Source information
* * *
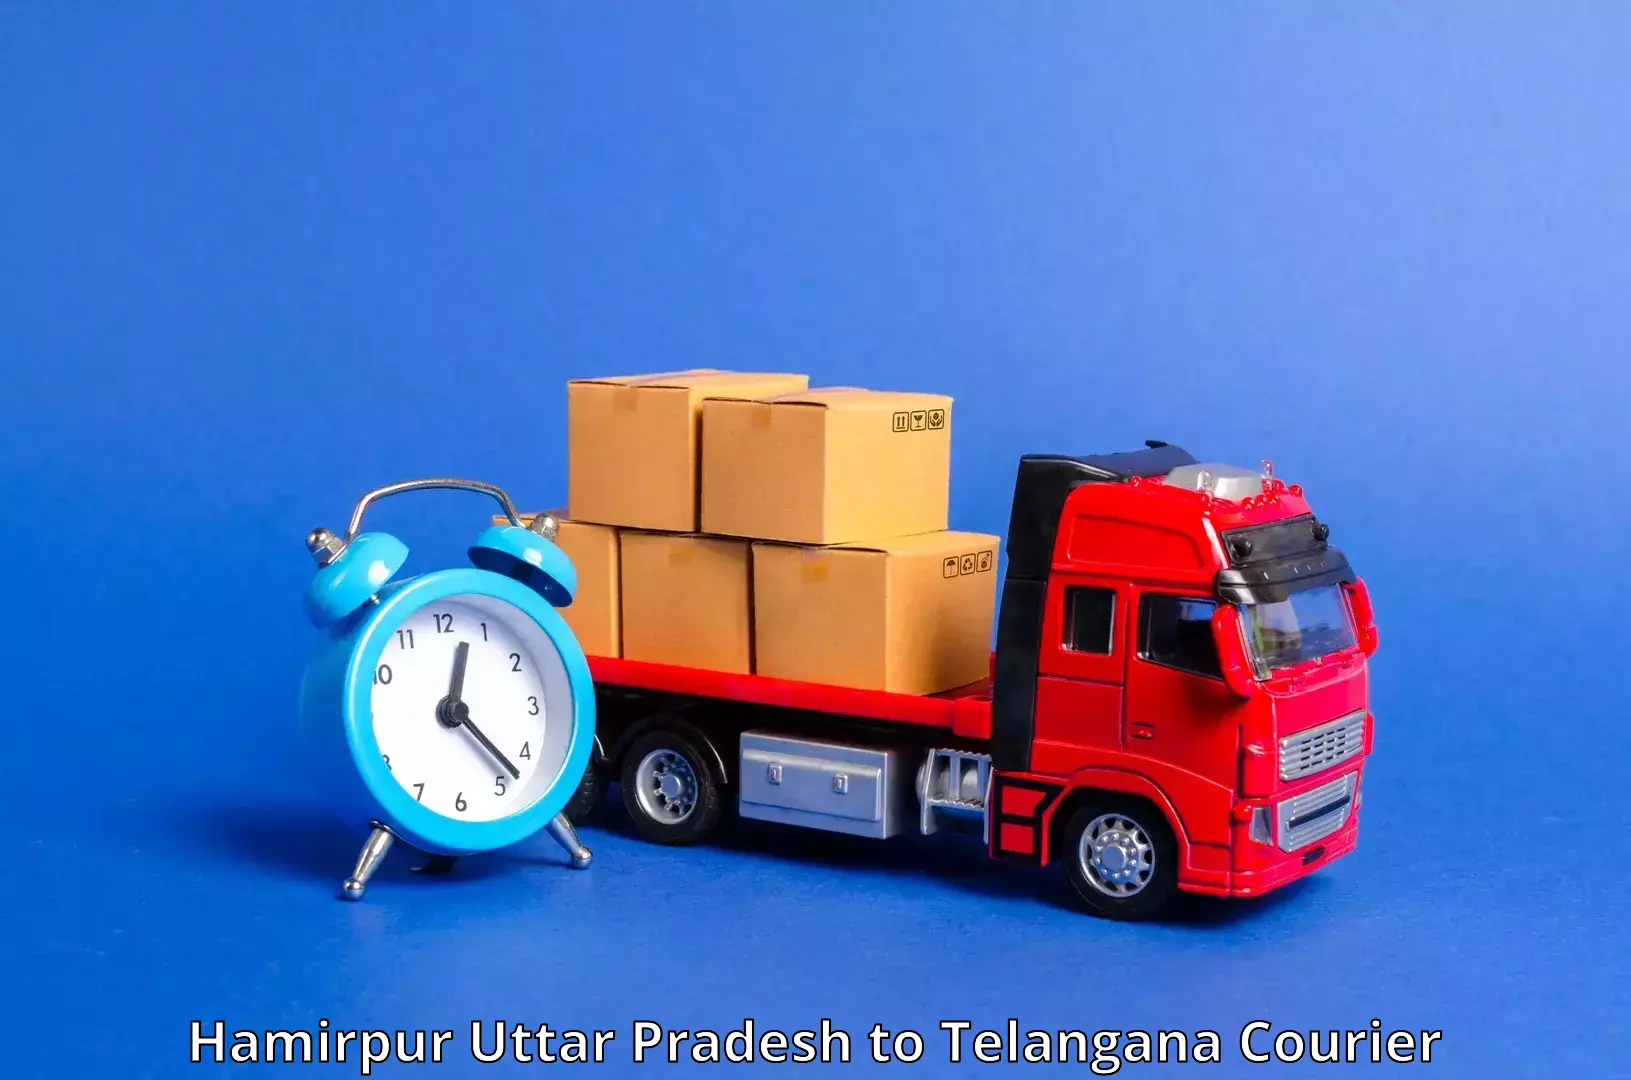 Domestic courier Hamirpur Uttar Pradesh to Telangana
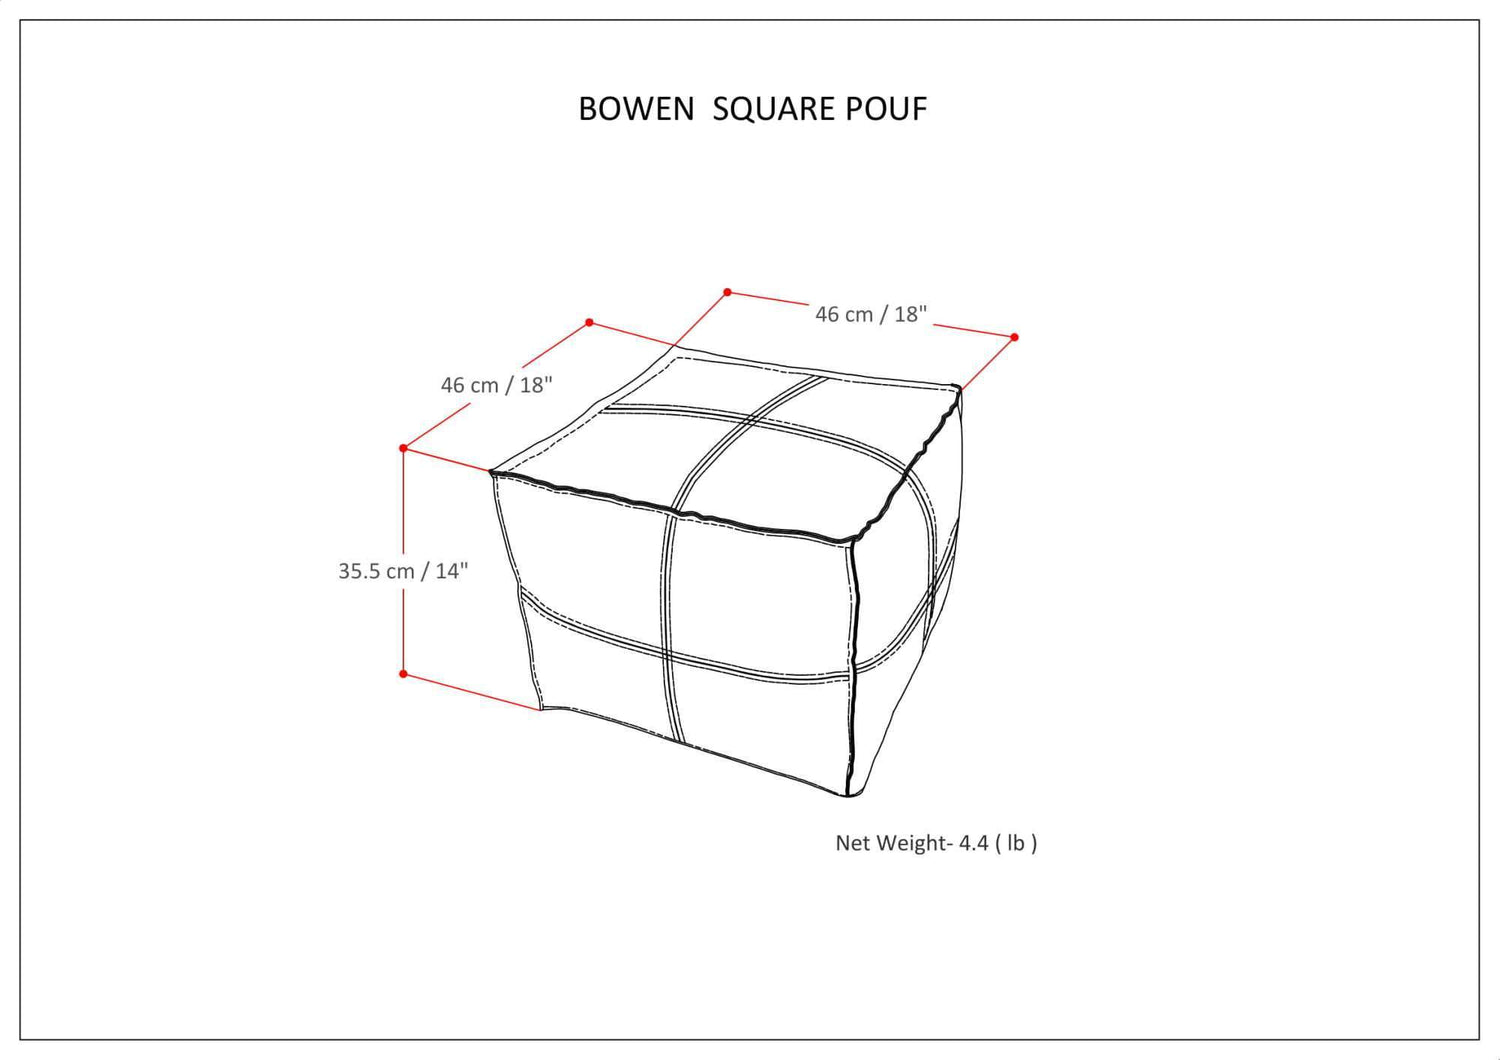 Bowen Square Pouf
* * *
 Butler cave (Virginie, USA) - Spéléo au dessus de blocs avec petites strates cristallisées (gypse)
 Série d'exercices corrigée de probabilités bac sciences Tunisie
* * *
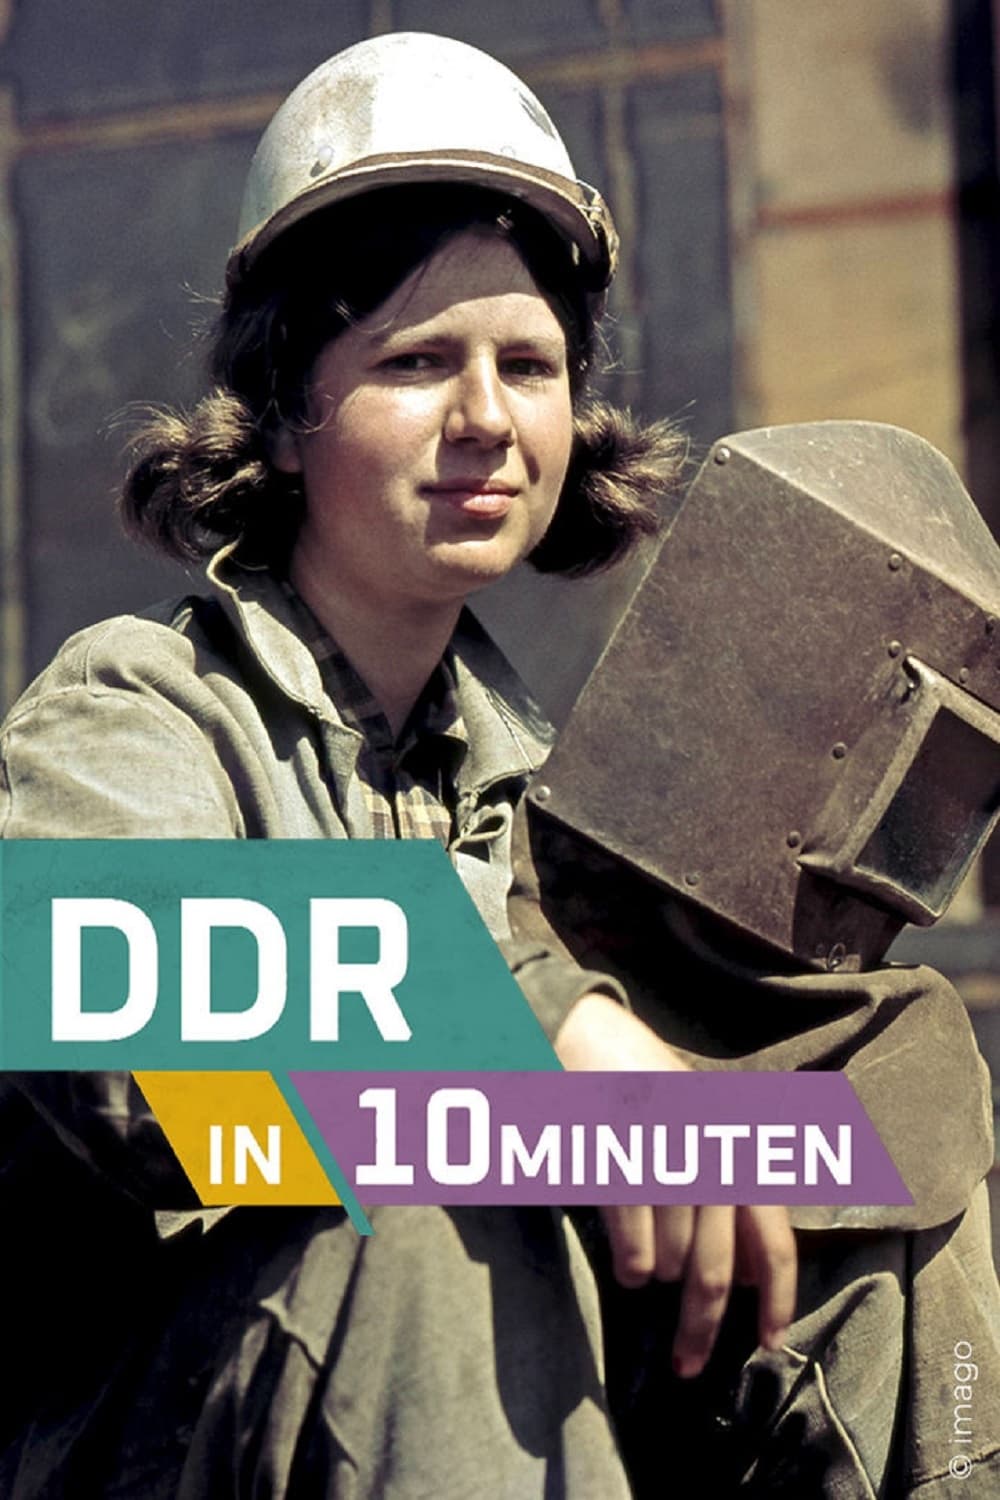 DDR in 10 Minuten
* * *
Task requirements
Within the listing above, print exactly the stretch beginning at the line that contains "Domestic courier Hamirpur" and finishing at the line that contains "Bowen Square Pouf", ends kept, pictures left out, and nothing more.

Answer section
 Domestic courier Hamirpur Uttar Pradesh to Telangana
 Bowen Square Pouf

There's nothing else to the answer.